** Opening Dataset content block **

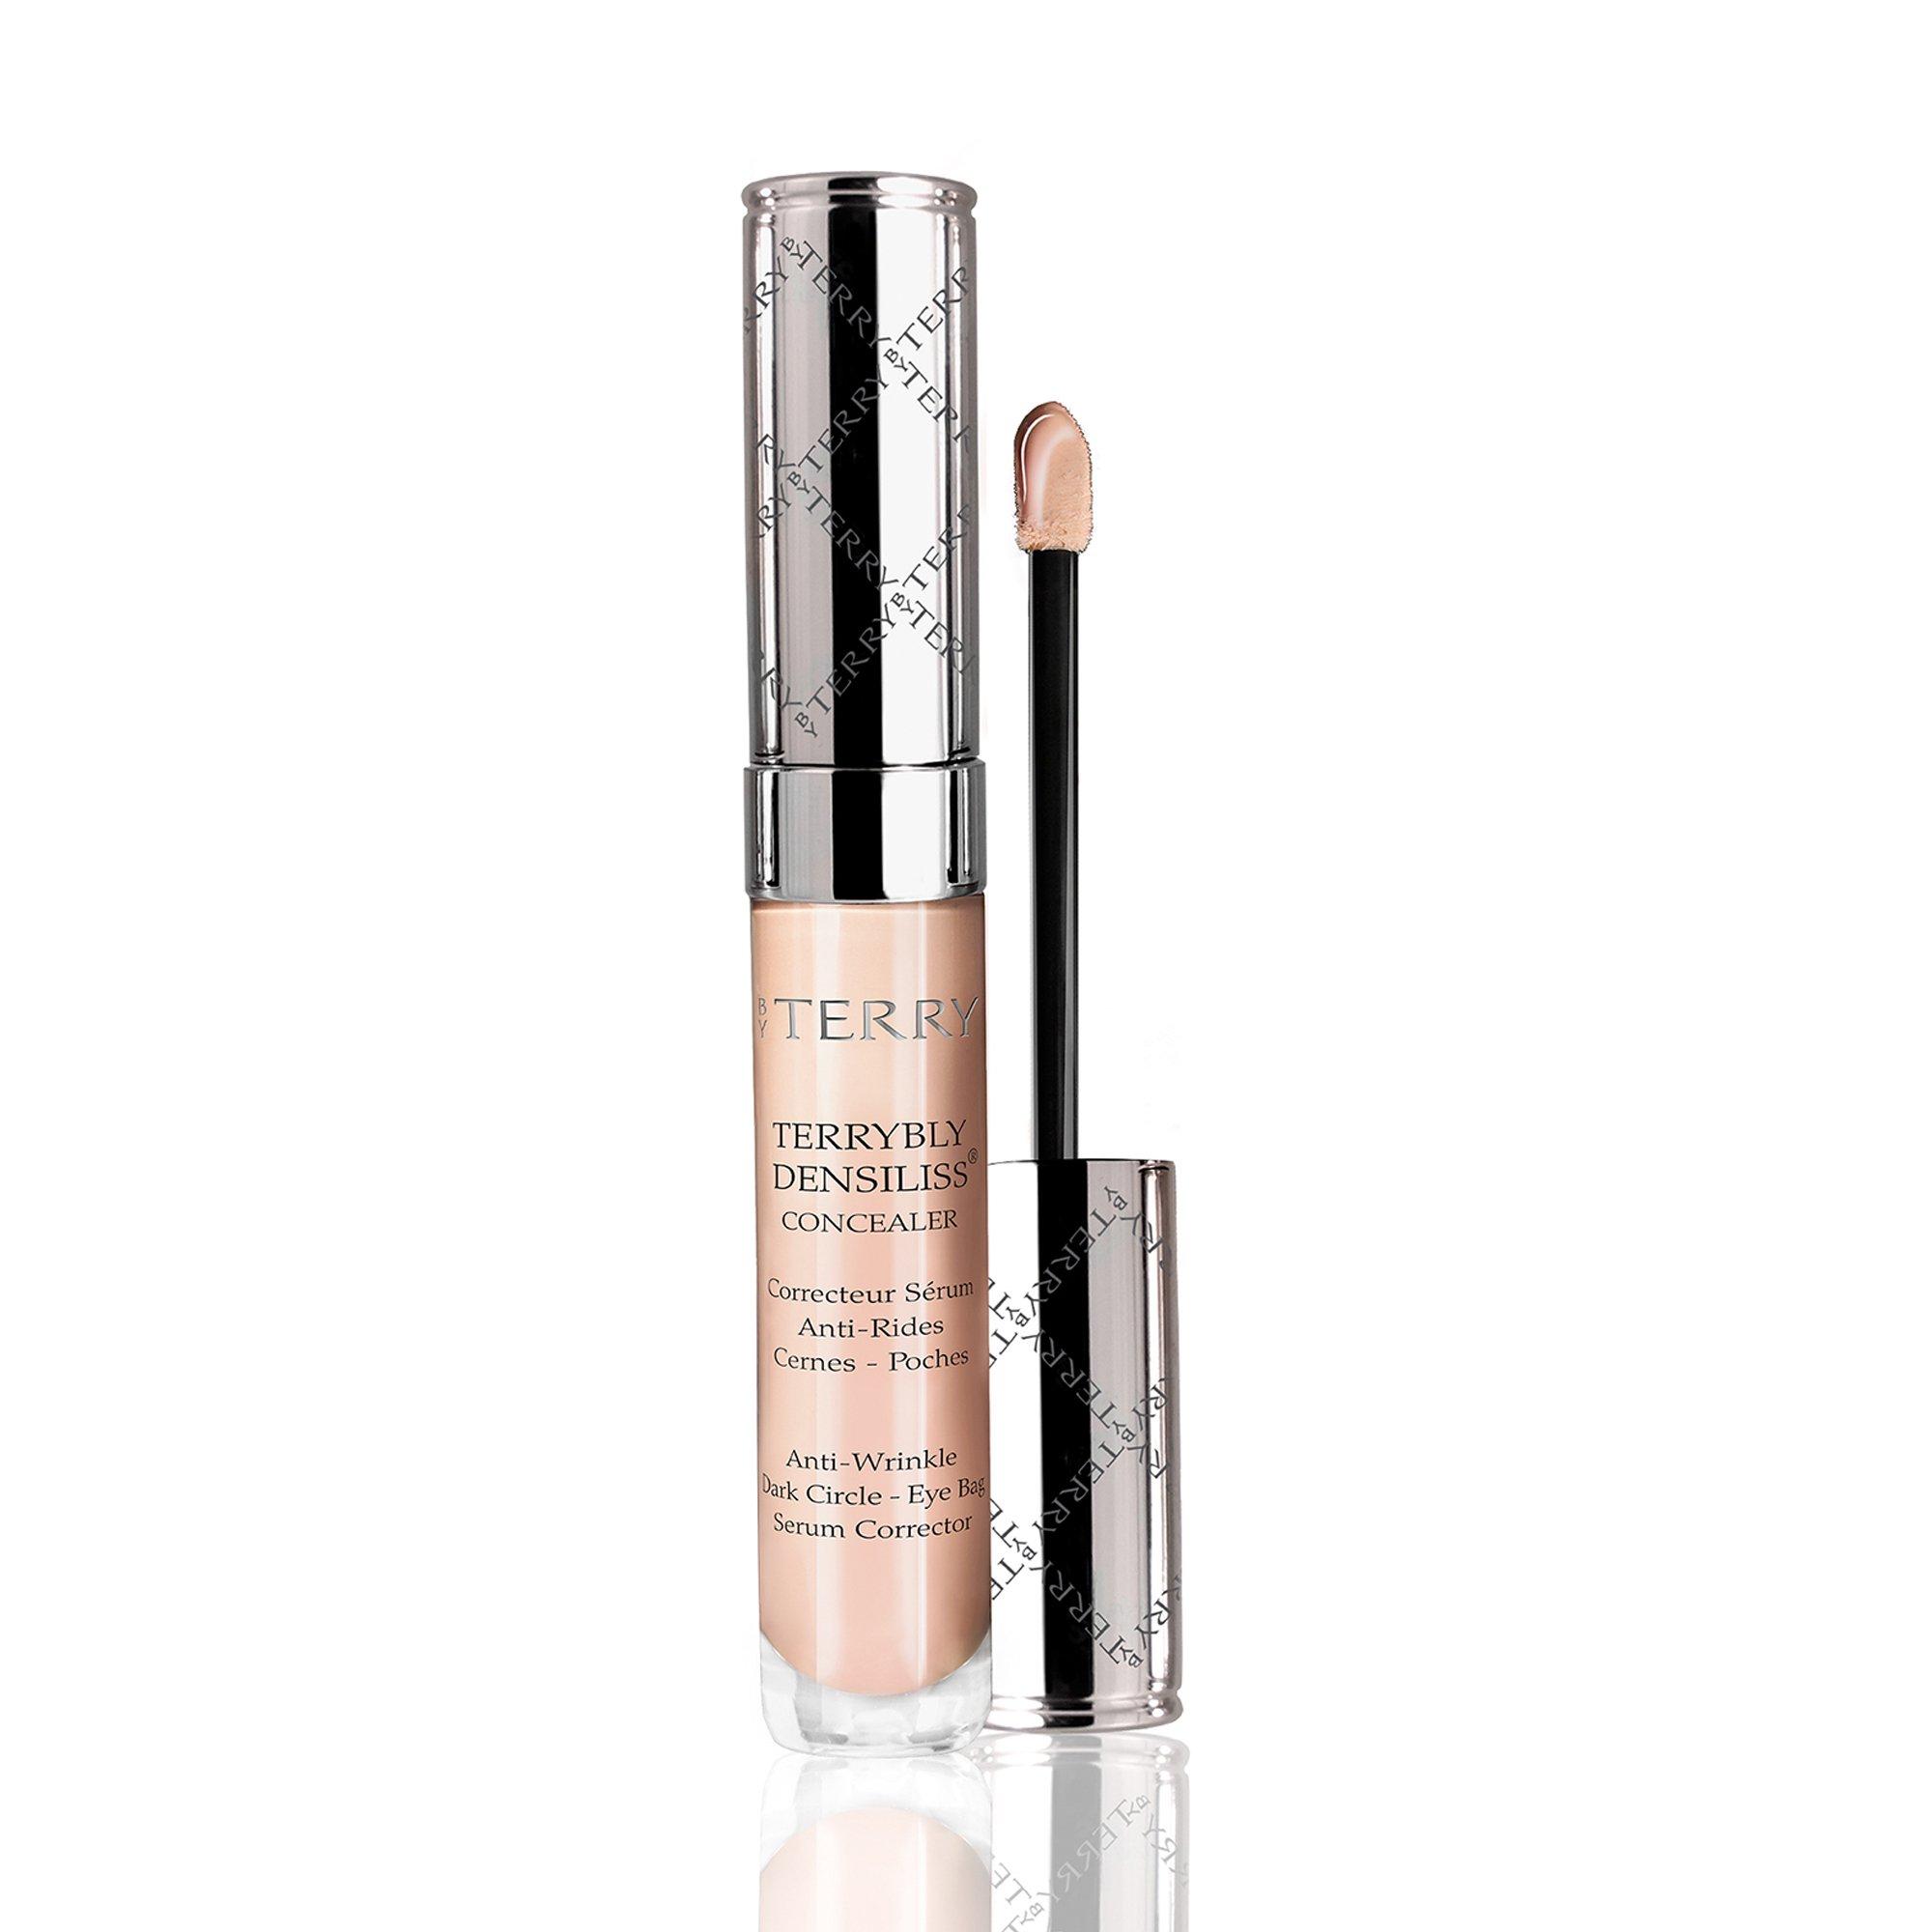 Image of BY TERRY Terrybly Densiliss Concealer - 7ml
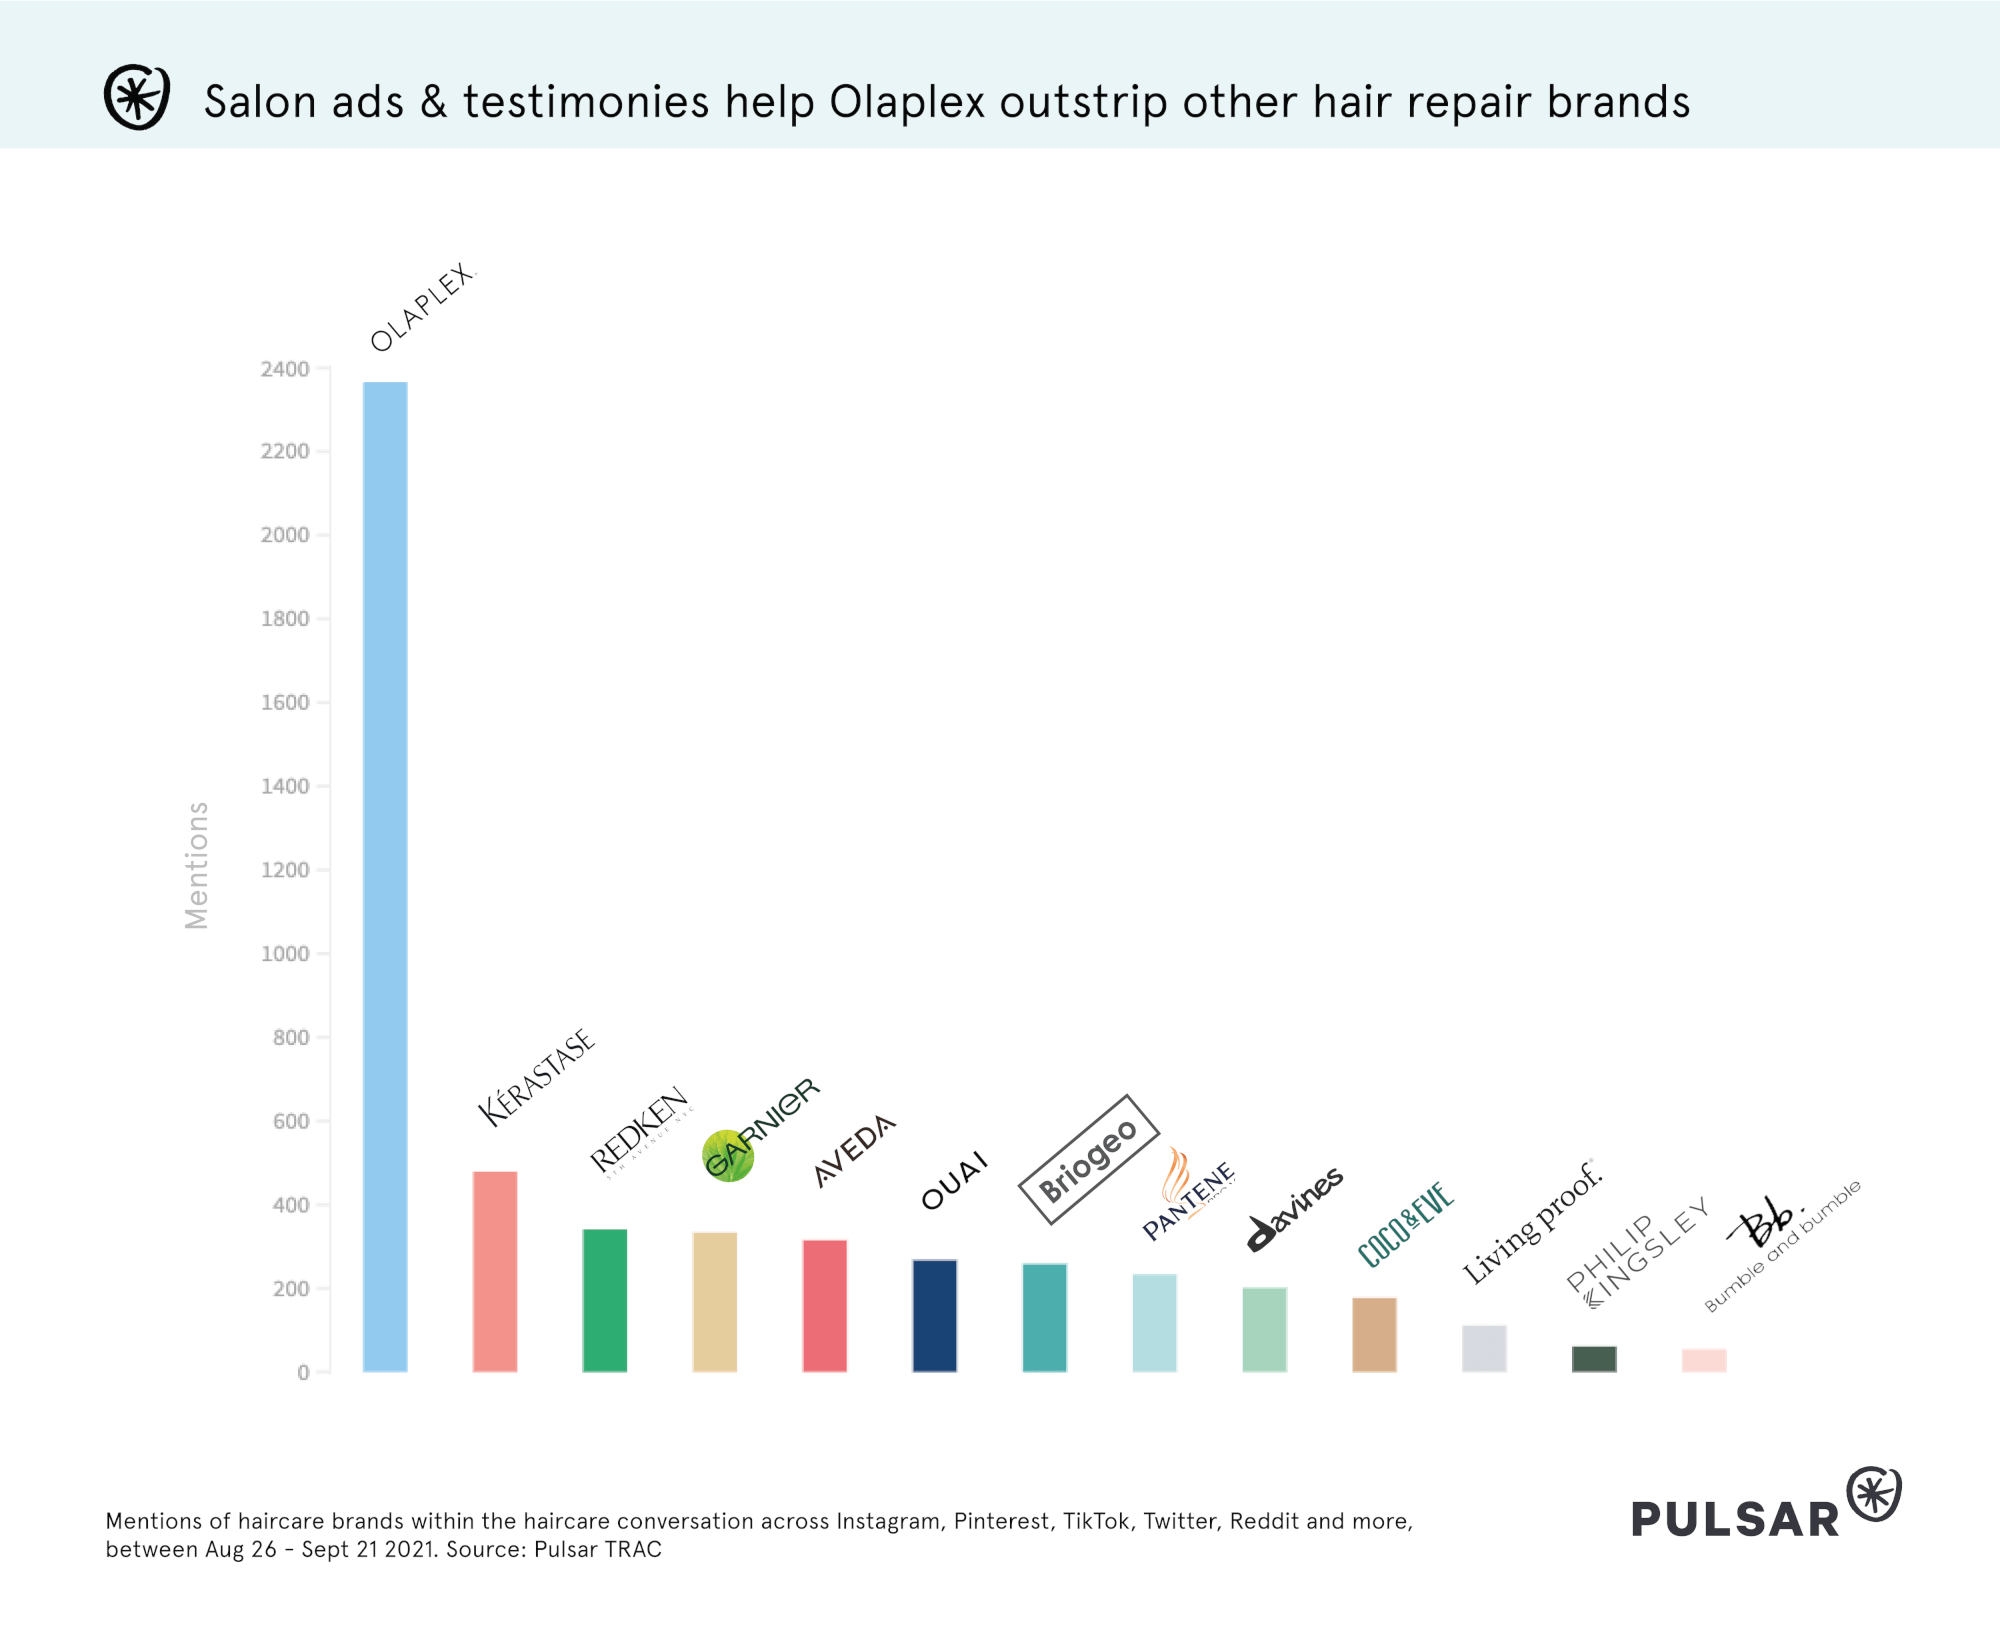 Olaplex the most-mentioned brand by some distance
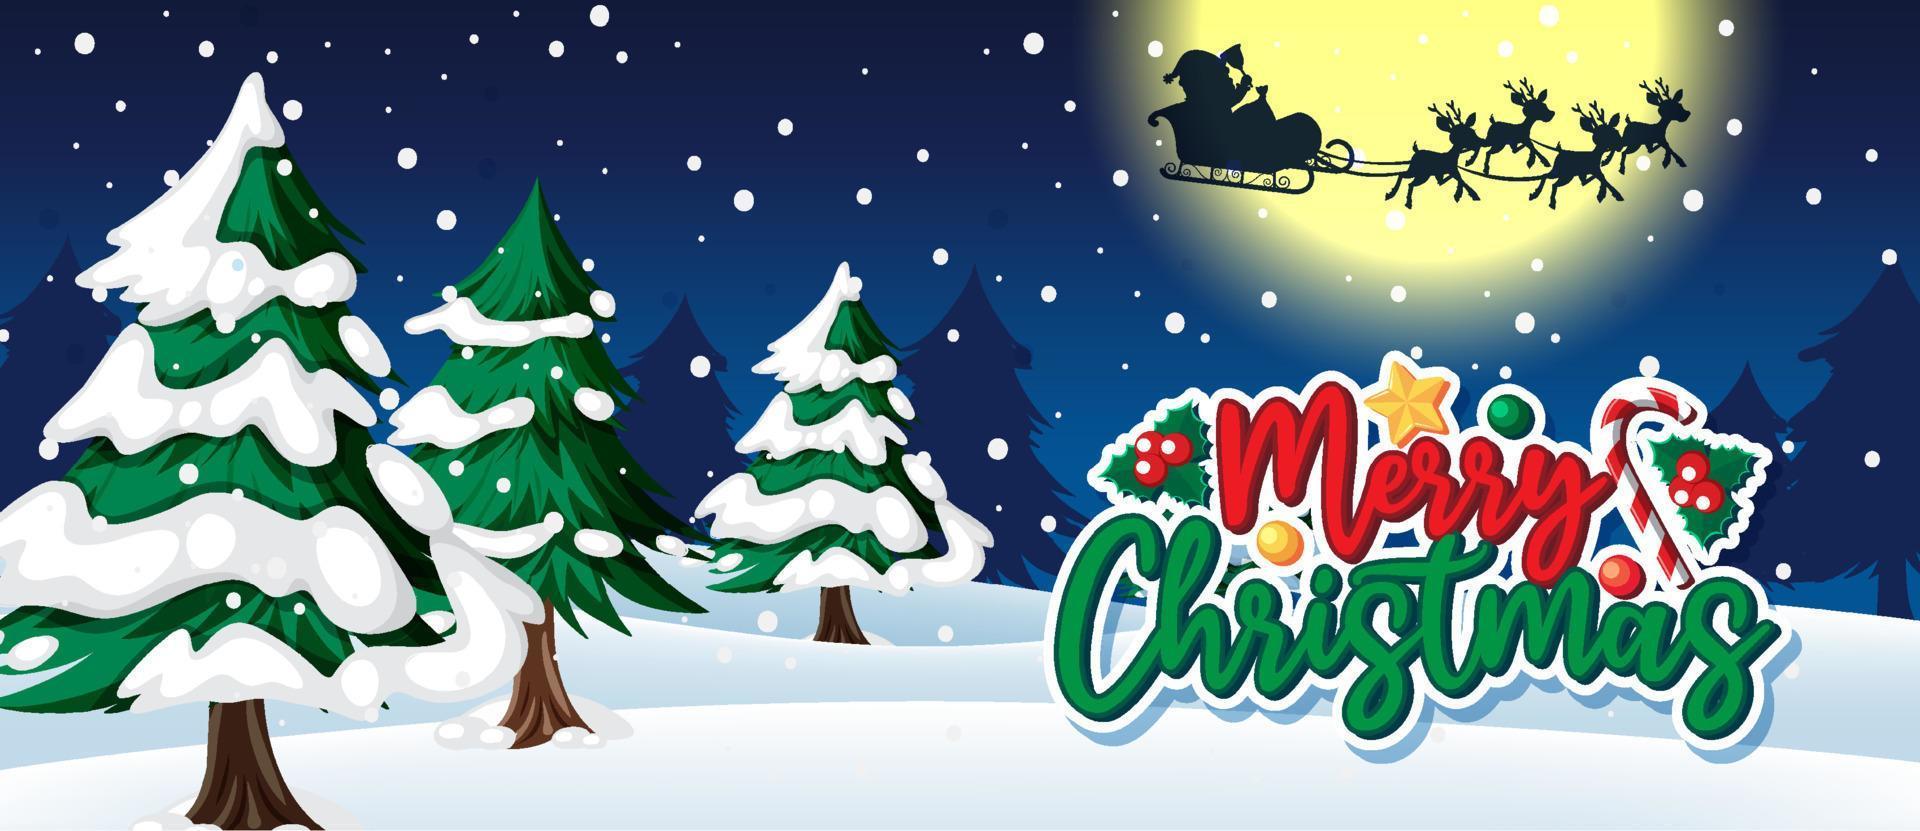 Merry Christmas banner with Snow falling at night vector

** Closing Dataset content block **

From the first line to the last, reproduce the listing above exactly, leaving the pictures out.

Expected answer:
 Image of BY TERRY Terrybly Densiliss Concealer - 7ml
 Olaplex the most-mentioned brand by some distance
 Merry Christmas banner with Snow falling at night vector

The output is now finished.